Antik dünyada Euxine dedikleri yer Türkçede Karadeniz olarak bilinir. Proconnesus Adası’nın bugünkü ismi ise Marmara’dır ve etrafı eski uygarlıkların Propontis olarak adlandırdığı aynı adı taşıyan denizle çevrilidir. Konstantin dünyadaki en görkemli şehirlerden birini kurmuş olsa da Gibbon’dan geçer not alamamıştır:
Tercih ettiği kıyafet ve davranışlar, hayatının sonuna doğru insanlığın gözünde sadece küçük düşmesine sebep oldu. Diokletian’ın kibriyle benimsenen Asya tarzı ihtişam, Konstantin’in kişiliğinde bir nevi efemineliğe büründü.
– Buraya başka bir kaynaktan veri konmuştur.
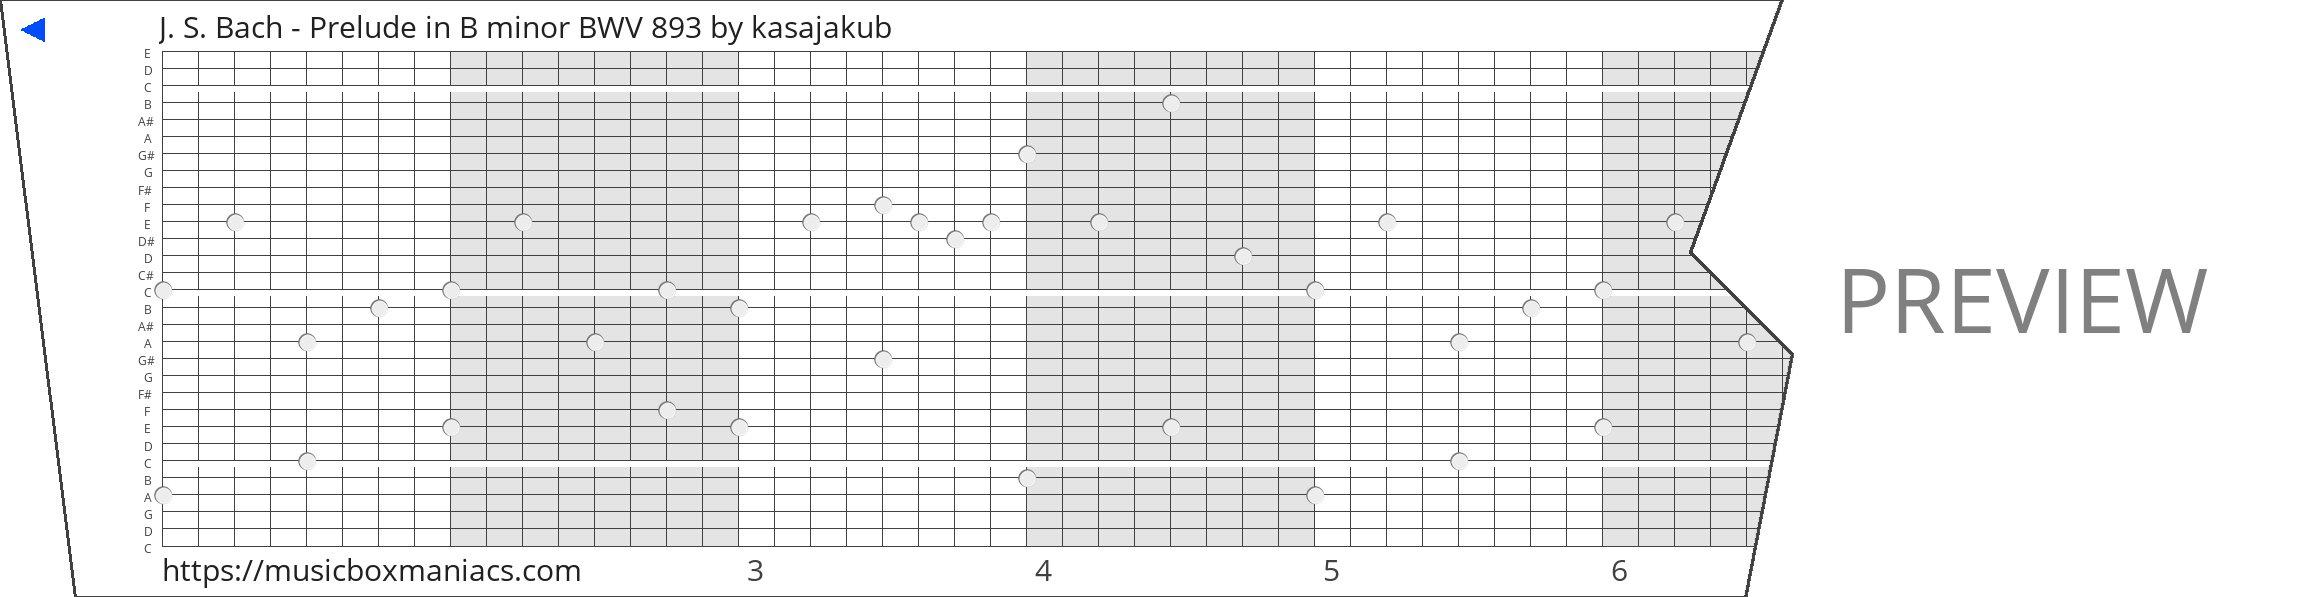 J. S. Bach - Prelude in B minor BWV 893 30 note music box paper strip

Kendisi, o zamanın yetenekli sanatçılarının binbir zahmetle hazırladığı çeşitli renklerdeki peruklar, yeni ve daha pahalı bir taç, bol miktarda kıymetli taş ve incilerle kolye ve bilezikler, en ilgi çekici altın çiçeklerle süslenen rengârenk, uçuşan ipek giysilerle tasvir ediliyordu.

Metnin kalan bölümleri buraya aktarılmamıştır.